9-11 Sep 2015 Paris (France)
Desktop Planning, Local Knowledge and the Yamba Dam Project (Gunma, Japan),
Philip Brown  1@  
1 : The Ohio State University
230 W. 17th Ave. Columbus, OH 43210 -  États-Unis

On January 22, 2015, construction began on a large gravity dam on the Agatsuma River. From planning to the start of construction of the dam took a “mere” 66 years. En route to that date, planners motivated by a desire to prevent massive flooding in the Tokyo/Kanto region layed out a massive civil engineering project that restructured all of the major, and many tributary rivers over five provinces.
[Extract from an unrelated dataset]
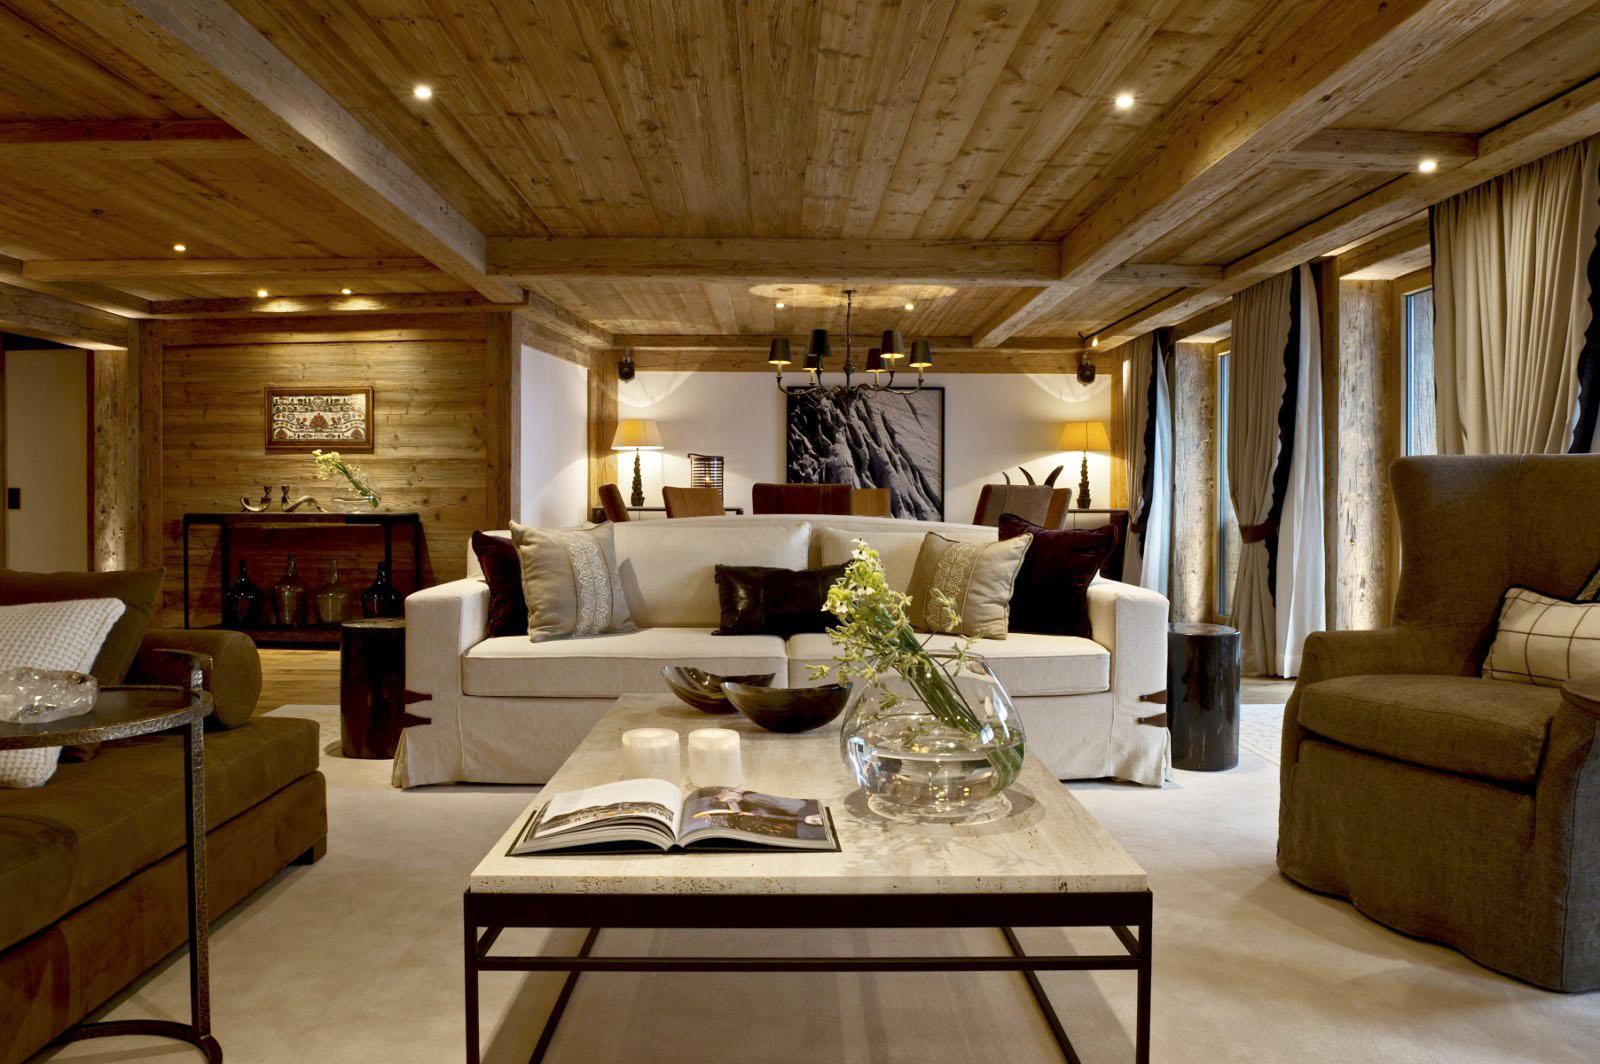 Swiss Alpine Luxury At The Alpina Gstaad Hotel  iDesignArch  Interior Design Architecture

The Yamba Dam was the final piece of that project, but its construction more than a half century after its construction was announced was not the product of the original plan. Engineers in Tokyo planned a project that ignored local conditions which made construction highly problematic, made inadequate provision for relocating affected populations, took no account of the area's economic foundations, and in the long run did much to destroy even those parts of the town that were not directly affected by the construction of the dam and its reservoir. Controversial from its inception and ignoring local wishes in newly democratized Japan, this project ultimately became the poster child for environmentalists' criticism of overbuilding and a focal point in the 2009 parliamentary election.